Teach them to think.

 

I deal with many bright young college undergraduates. I am continually impressed by them in two ways. I am positively impressed by their knowledge and negatively impressed by their thinking.

I have spent a great deal of thought over the years trying to find a way to teach thinking skills. What do you do when you discover someone cannot put disparate ideas together? How do you teach creativity? How do you help people think about their own thinking?

I have found, over years of effort, that some but not all people can be coached toward thinking by providing them with what I term a “‍clever mirror.‍” One on one, I sit with them and listen to their thoughts, then explain their thoughts to them until we both agree on what they are thinking. Then, and only then, I can model a different way of thinking and repeat the mirroring process until they see themselves thinking that way too. It is a long process, requiring extended one-on-one sessions over an extended period of time. To be confident of the results I would need a third party evaluator, but to the degree my own eyes can see it seems to work most of the time.

The other successful approach to teaching thinking is simply to require thinking.

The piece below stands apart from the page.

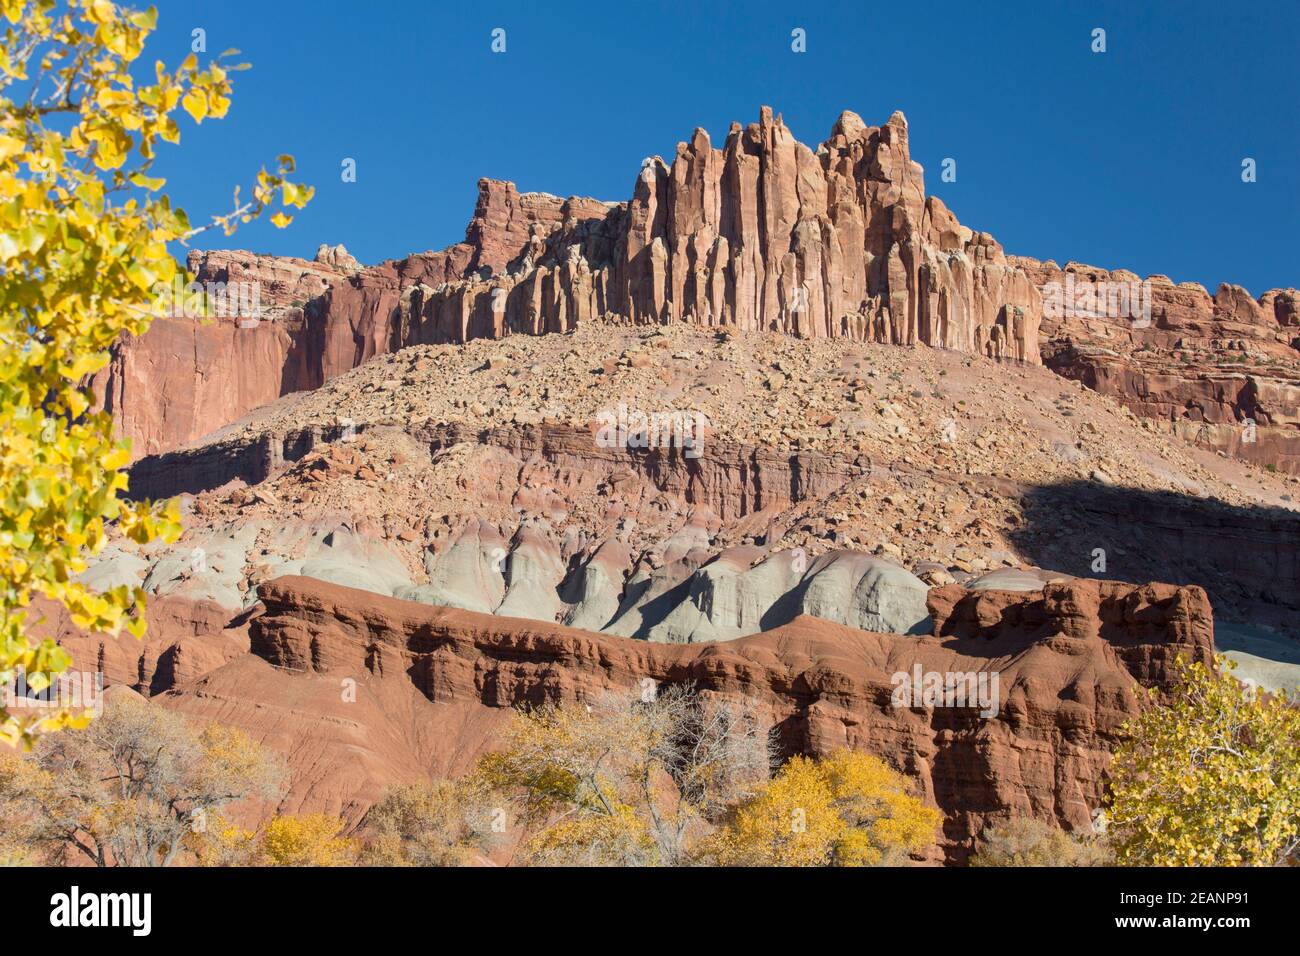 The Castle, un pic de grès emblématique faisant partie de Waterpocket Fold, automne, Fruita, parc national de Capitol Reef, Utah, États-Unis d'Amérique Banque D'Images

Robert Luciano see ``Curriculum in Action’’ CSTA Voice, Vol 5 No 6 (Jan 2010), available on page 6 of this pdf. has the best model of this I’ve seen; he has the students get in groups of 2 or 3 for five minutes each class period and gives them a logic puzzle to solve together, then has them show off their results. Key to his success is his not adjudicating correctness or terms; students that wish to twist things are left to do so. The therefor what? clicker quizzes are another model of the same idea.

But, these successful approaches notwithstanding, I still think of thinking as the impossible lesson. If students don’t think, they will never learn to think. You can train anyone to regurgitate anything, using the same reinforcing patterns used to train animals, but it seems to me you can only invite, not train, thought.

If any of my wise readers know better, I would love to be proven wrong!